Emotions and the Job Search
Managing your emotions is as key in the job search as it is in negotiations. It is important to become a blank slate!
This is the 6th post in the Negotiator Job Search series.
The rest of the series can be found here.
In Jim Camp’s book, Start with NO…The Negotiating Tools that the Pros Don’t Want You to Know, he writes:
In my system, “blank slate” is a verb. As negotiators, we actively blank slate in order to create a blank slate in our own minds, which then sits ready and waiting to receive any new information, new attitudes, new emotions, or new anything that our adversary wittingly or unwittingly beams our way. It is through blank slating that we learn what’s really going on in this negotiation— what’s really holding things up, what the adversary really needs.
Maintaining a blank slate or keeping your emotions in check is key in the job search.
Managing Positive Emotions
During a recent interview, a client of mine was told, “We needed you in this job yesterday!”
It would have been easy for her to think she basically had this job! She could have let down her guard and not listened with the same level of attention. She could have stopped asking probing questions. Instead, she said thank you and moved on to the next question.
You have to remember to not get caught up in your positive euphoria. You need to stay focused and not let your positive emotions get you to lose sight of the goal. Remember your Mission and Purpose of the job search.

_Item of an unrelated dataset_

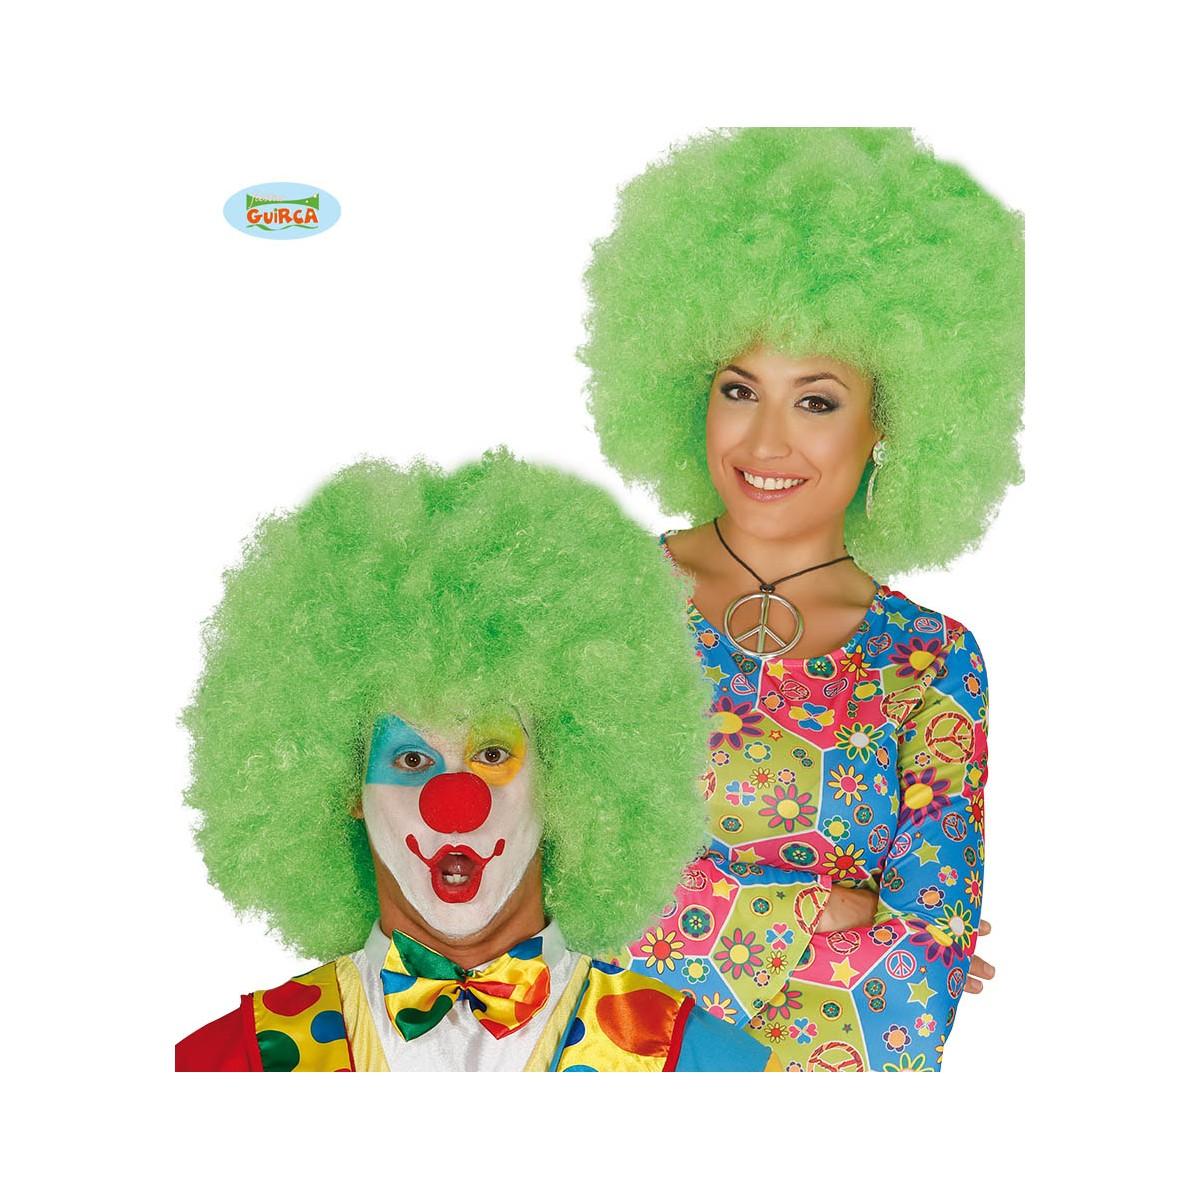 Maxi parrucca riccia color

Managing Negative Emotions
Many of you have encountered a situation wherein the recruiter calls you and starts to discuss money very early on. They throw out a low ball number, and you think:
Oh crap! I can’t work for that amount of money. What the heck should I do now?
It would be easy to lose your excitement for the position.
In late 2007, I was called by a recruiter from a sexy startup. They had a newly created training position, and wanted to know if I was interested. We got into a discussion of compensation, and I asked her what she had budgeted for the position. She gave me a really low number.
At this point, I could have easily said I was not interested. Instead, I responded that they will not get anyone with any real experience at that price. They really needed someone with a fair amount of experience for this position. She asked me about my current salary.
My current salary was not relevant because I was working for a non-profit.
I gave her an approximate number of what I made when I left high tech sector four years earlier (which was double what she had budgeted!).
She asked me if I was still interested.
I told her we should keep talking.
I could have easily become negative, and it would have come out in our conversation. Instead, I maintained a blank slate. They eventually made me an offer that was close to my previous compensation.